[Work to complete]: The expected output is an exact copy of each line from the line with "Jaiden Trim Fit" through the end of the data below, with no pictures in it.

[Information shown]:
>>

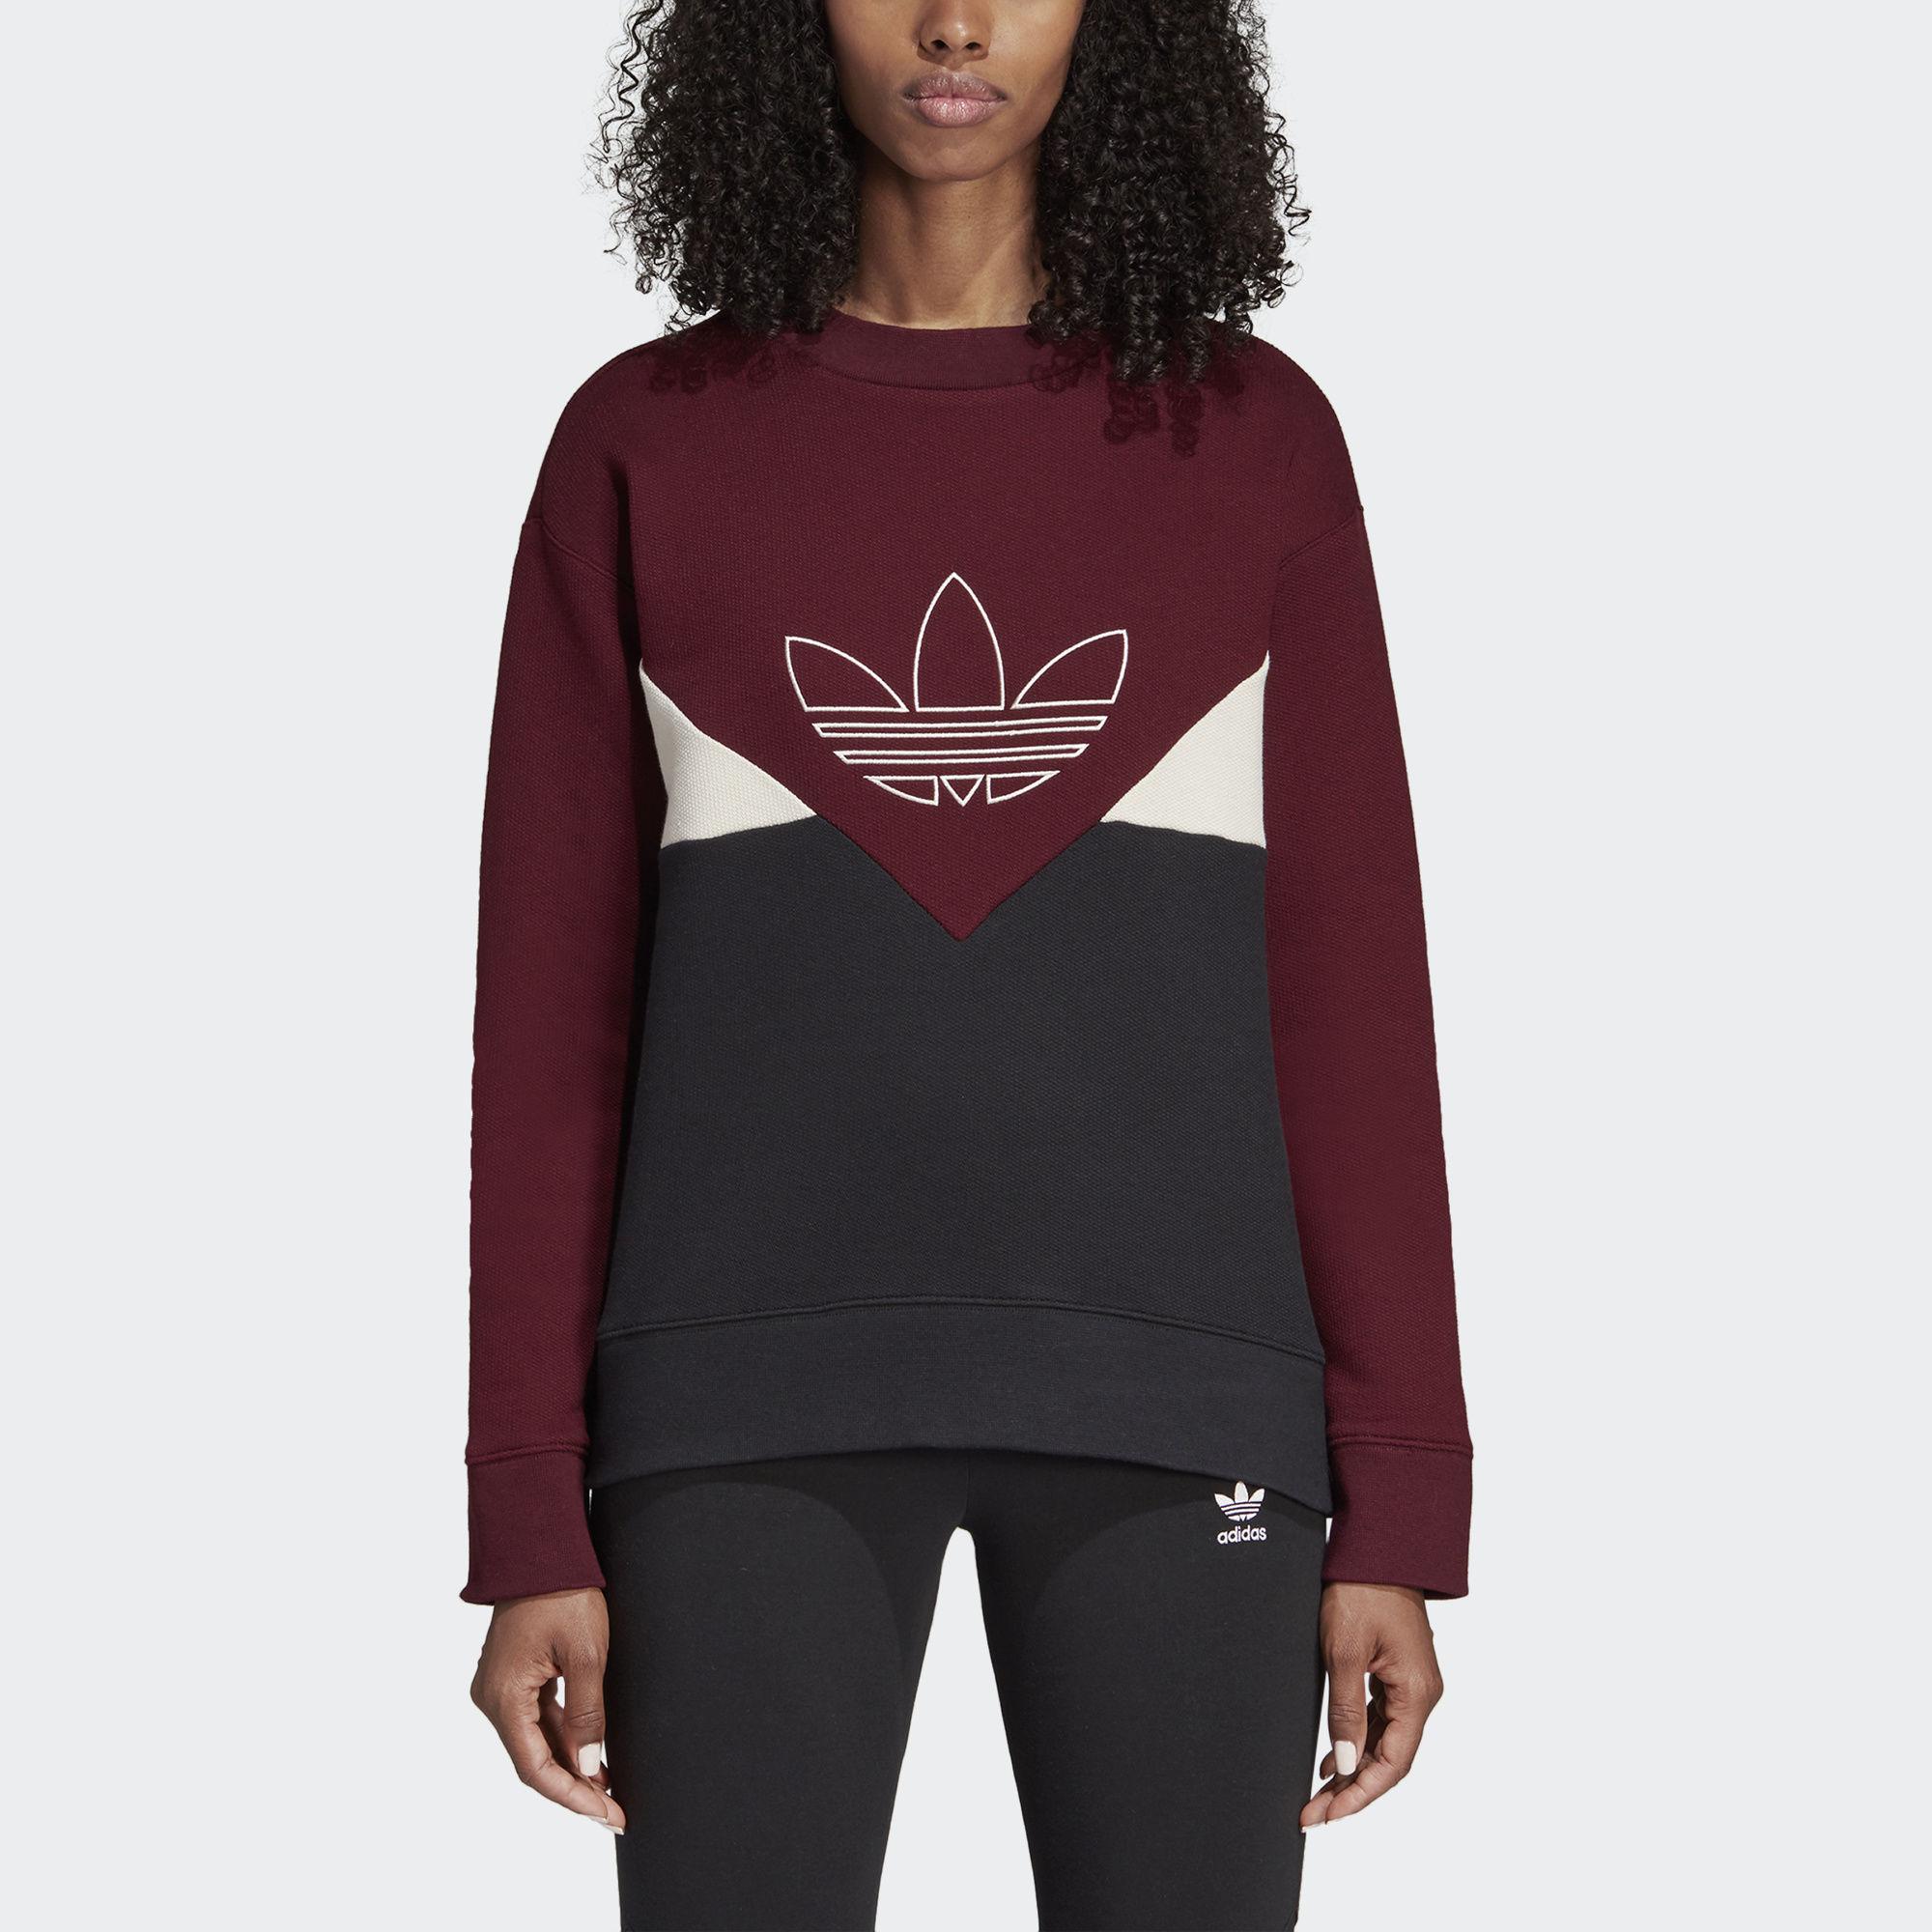 clrdo adidas sweatshirt
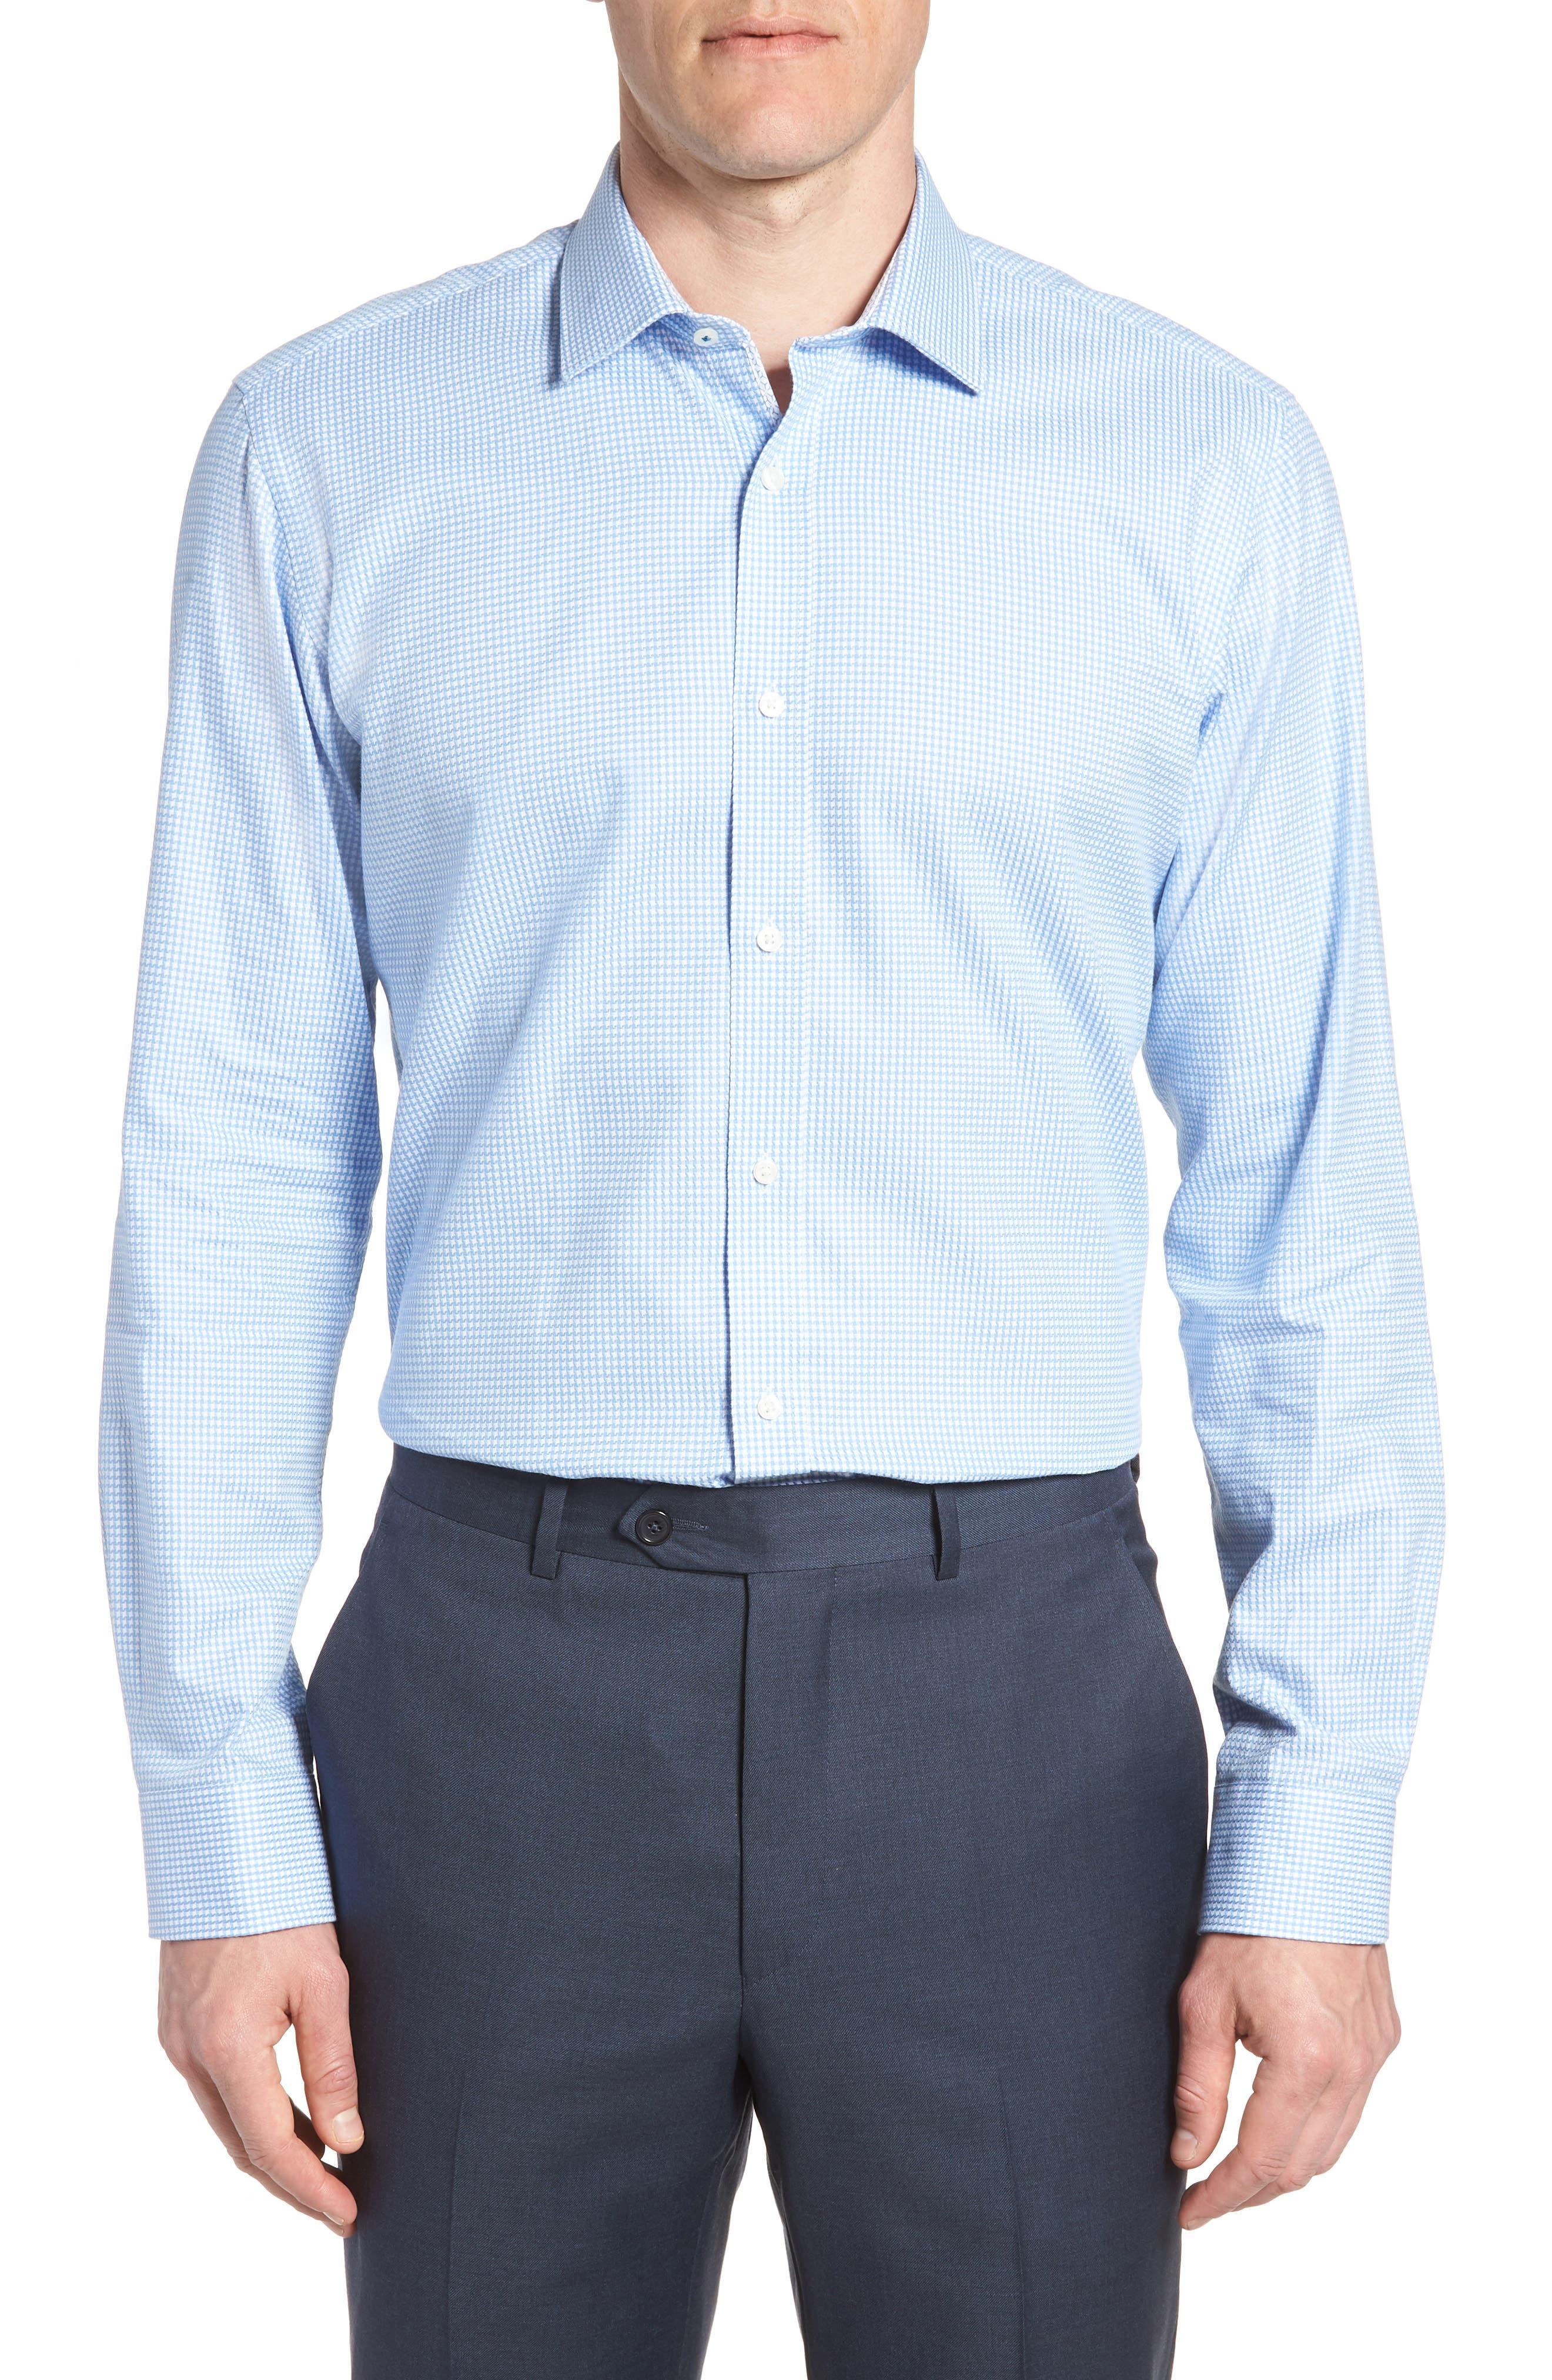 Jaiden Trim Fit Houndstooth Dress Shirt,                             Main thumbnail 1, color,                             Light Blue
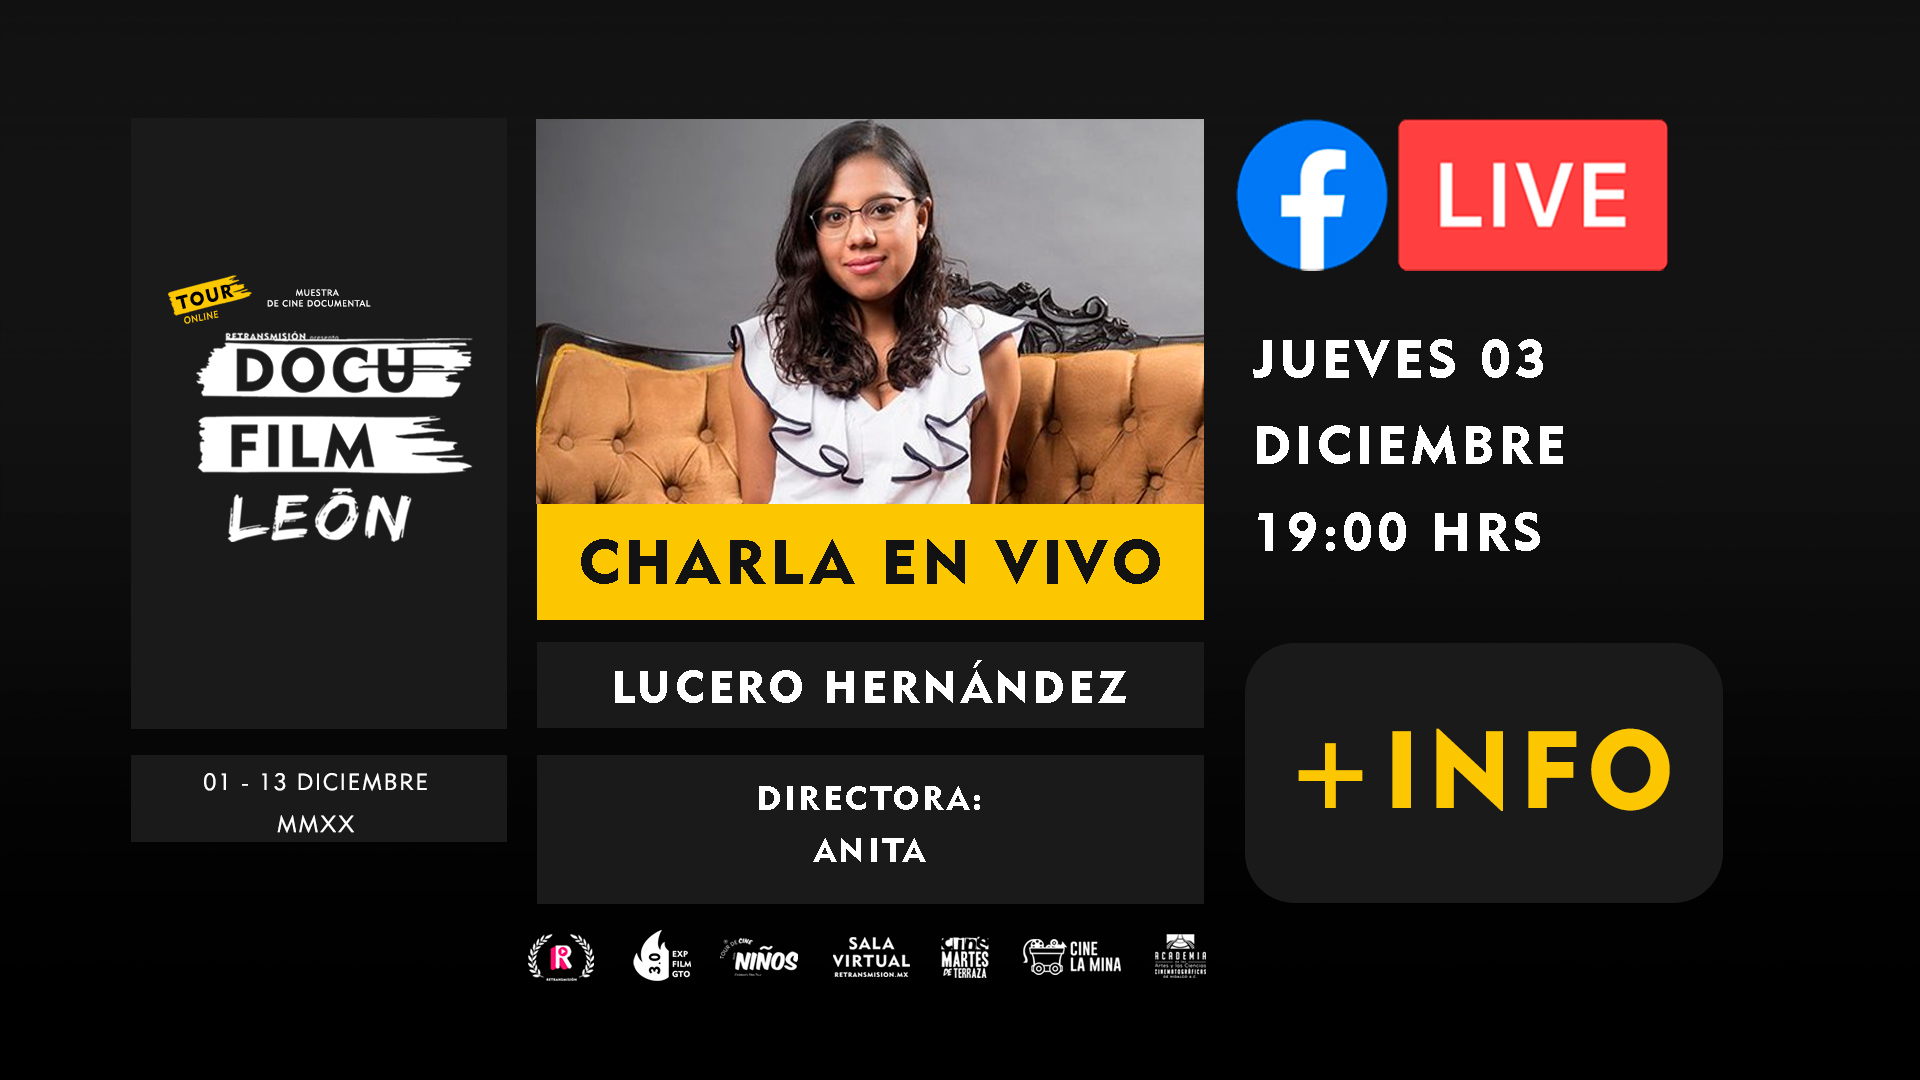 DIRECTORES-charlas+LUCERO-HERNANDEZ-DOCU-FILM-LEON-HORIZONTAL

<<

[Result of the task]:
 Jaiden Trim Fit Houndstooth Dress Shirt,                             Main thumbnail 1, color,                             Light Blue
 DIRECTORES-charlas+LUCERO-HERNANDEZ-DOCU-FILM-LEON-HORIZONTAL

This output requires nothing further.